Thoughts On Naming a Business and/or Product Line
I’ve been working with a business startup that has had some interesting problems in researching names. Here are 5 bits of wisdom from those conversations:
1) Your name has to be spell-able.
Easily. By nearly everyone. If your name isn’t easily spelled by at least 4/5 people in your target market, you are going to loose a lot of search volume, and you’ll have to either buy domains of common mis-spellings, or you’ll have to accept the fact that you’ll be confusing a large part of your target market when they are looking for you specifically. Common words often work very well as most people do know how to spell them- which is good.
2) Your name has to be unique. Mc Donald’s is legendary for asking people with the all too common name of Mc Donald to re-name their business. And even if the company is in the right, McDonalds is more than willing to outspend you enough legally to win in most cases. So here’s a rule of thumb. If you know of a company with a similar, yet alone the same name, assume that isn’t a good name. I suppose exceptions to companies that are mutually geographically bound are relevant. If you are not, consider the case of the WWF vs the WWF http://en.wikipedia.org/wiki/WWE#World_Wrestling_Federation_Entertainment.2C_Inc._.281999-2002.29
Granted, it’s two groups involving wild animals, though it’s a case study as how two very different groups will eventually come to conflict over a name. Why put yourself in that position.
Also consider, even if you aren’t concerned about the copyright concerns, consider that you’ll always want to come up first if someone Googles the name of your company.
3) You can get the URL
Consider Nissan.com. Should take you to a car company.
Click it. It Doesn’t. Not good.
4) Length - Used to matter, and I think it still does, though “WTFInc,” will always loose in memorability to… generally anything else.

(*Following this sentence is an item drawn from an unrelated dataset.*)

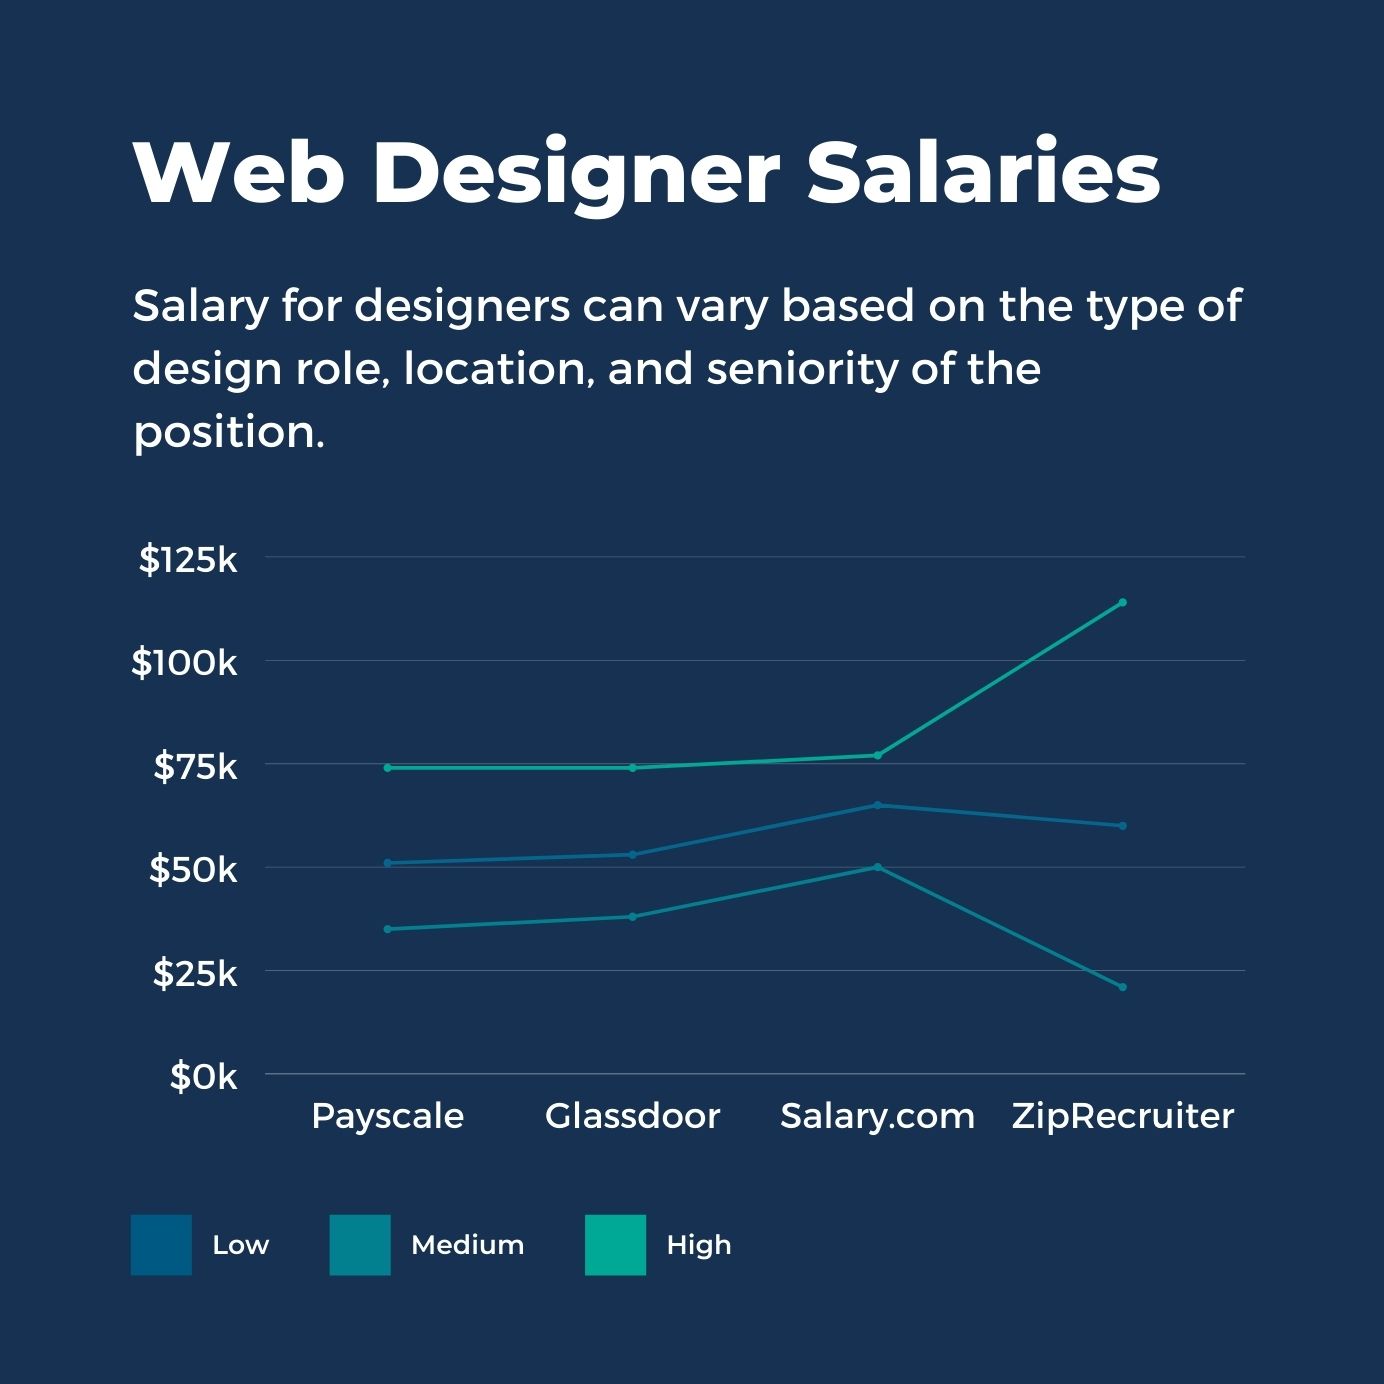 Web Designer Salaries

It should say something about what your company does, stands for and wants to be known for. Don’t shorten it whenever possible, as we have a much harder time remembering acronyms than words. If your company’s name isn’t memorable, you have to forgive anyone that forgets it.
And that doesn’t bode well for referrals.
Or direct traffic
Or closing close clients- who chooses “what was the name of that other company again”
5) Given a choice, strongly consider a name with personality vs. a generic one. A name with personality is far easier to remember, to be substantial, to convey at least part of what you hope to accomplish as you create your brand identity. Does your name communicate at least part of the message you want your prospects to get from your brand?